Attendance at the track was announced at 42,249 on Friday and 70,423 on Saturday.
After the races on Thursday, Friday and Saturday we checked out small, independent Louisville brewers. We visited Akasha, Holsopple, Gravely and Mile Wide. None of the four knocked our socks off.
Carsoni got us into the races with tickets he received via his participation in the big handicapping contest and we parked for free both days on Fifth Street just south of Winkler. Our lodging was cheap considering the strong demand for a small selection of hotels. We snared a room at a conveniently located Red Roof Inn for 80 bucks a night with a reservation made a year in advance.
Our breakfasts on both Saturday and Sunday mornings in Louisville were fantastic largely due to our server Mary who was working with a smile at Waffle House (franchise #179) near our hotel.
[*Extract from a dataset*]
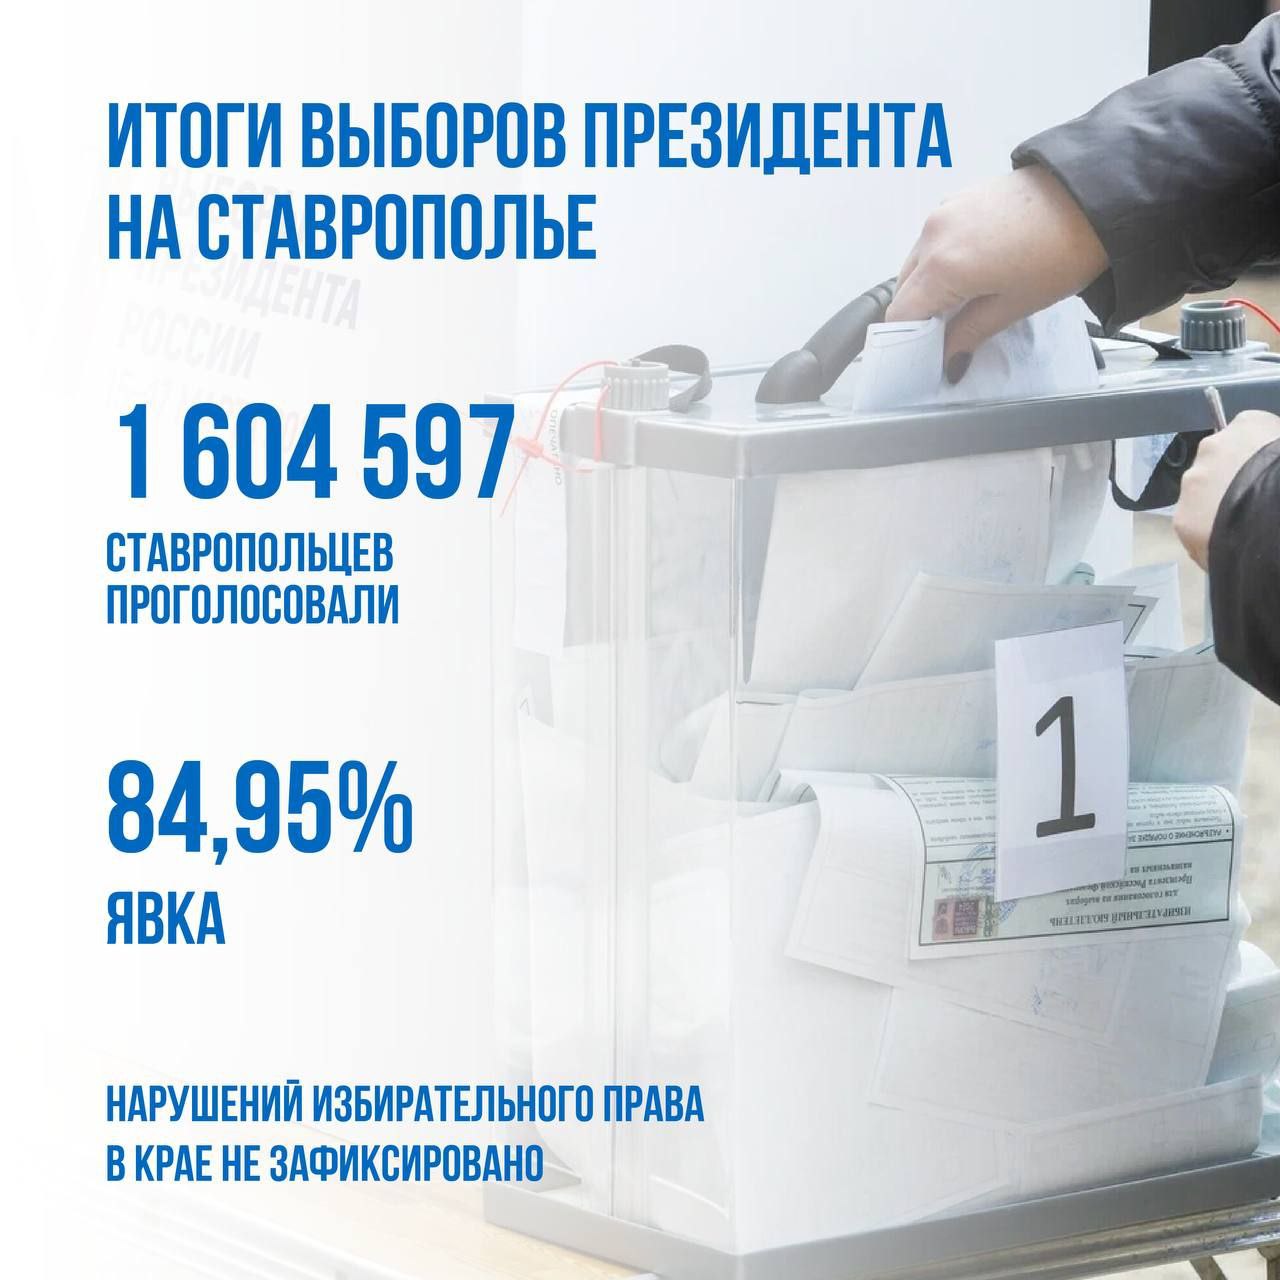 84,95% избирателей проголосовали на Ставрополье.

I flew back to New York on Monday from Nashville via Chicago.
Today, I voted.
I understand much of the country views today’s vote as a referendum on the President. That isn’t the case, here. All the contested races on my ballot will be won by Democrats by huge margins.
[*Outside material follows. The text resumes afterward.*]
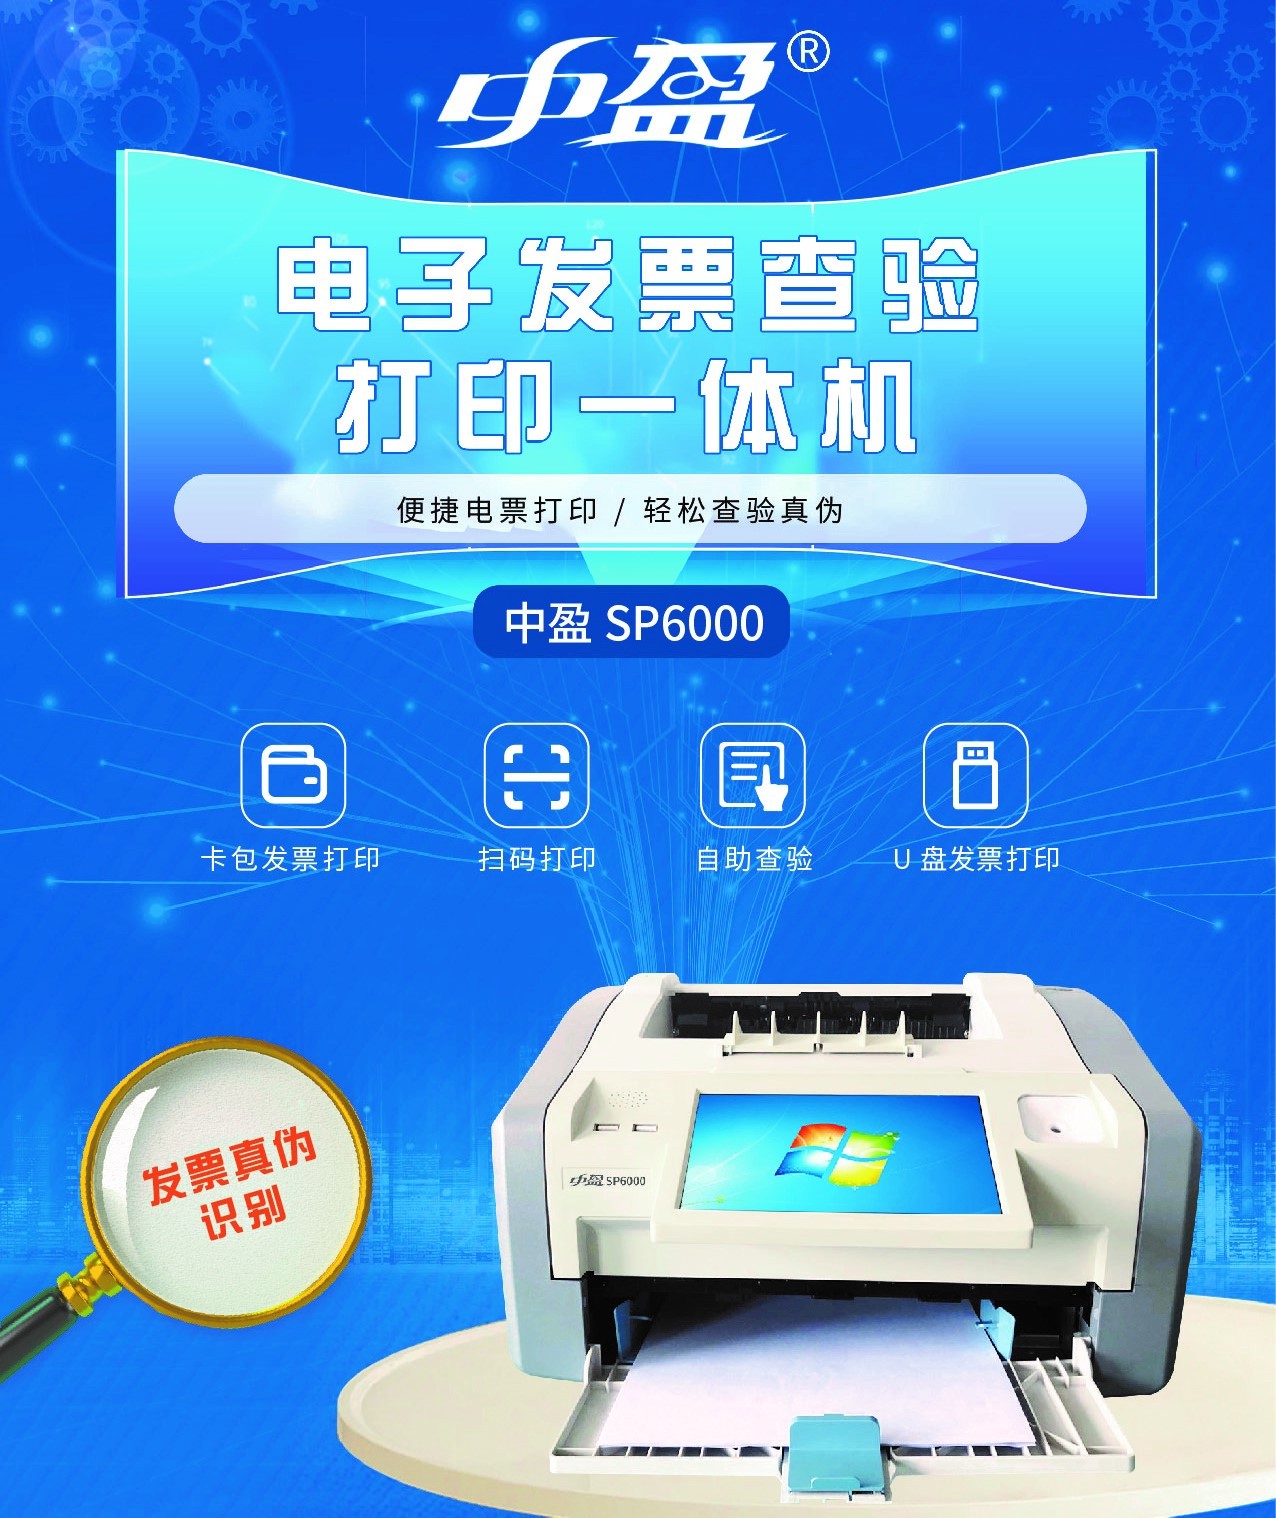 WeChat Image_20201026160851.jpg

For me, the significant elections of this cycle were staged back in June and September when we conducted separate party primary contests. It was at those two votes that we could decide if we wanted a true-blue Democrat who sits squarely on the left – or a bought-off, play-it-safe Democrat who wants to obsess about Trump. We got some of both.
Whatever the case, all this talk about using today to let off steam about the Trump agenda has prompted some people to get off their hands – and I guess that’s good. But those same people should have participated in the primary (when it mattered). They of course also need to get excited about the real referendum on Trump which comes two years from now.
NYC had three city charter revisions on the ballot today, too. None were pushed – or discussed much – until it was almost election day. The charter issues made it a two-page ballot which is unusual. And today, given the 100-percent humidity in the air – it wreaked havoc with the ballot reading machines.
In NYC, we fill circles with a black pen and then personally insert the ballot into the reader machine. All over the city there were reports today of the ballot readers malfunctioning. As I saw it in my polling place, the ballots were not going in crisply because the paper was kind of droopy. There’s a long history here of botched performance by election day planners but I must say that I buy the excuse on the humidity.
City council speaker Corey Johnson has called on NYC Board of Elections Executive Director Michael Ryan to resign and Twitter is lit up with people complaining about long lines and distrust over handling of ballots that don’t feed the machine. The obvious easy response to all this is early voting which less progressive states have instituted without a problem.
You are gonna have glitches with any big mission staffed by low-paid, twice-a-year temps sitting in a makeshift setting with equipment that gets dusted off a night or two before.
Yes, both suppression – and failure to quickly impose backup responses to election day miscues are critical concerns when it comes to such a precious individual right. Those are different and important discussions.
But the incessant whining and conspiracy stuff you inevitably get about glitches or waiting in line on big election days – before the polls even close – acts as a form of suppression too.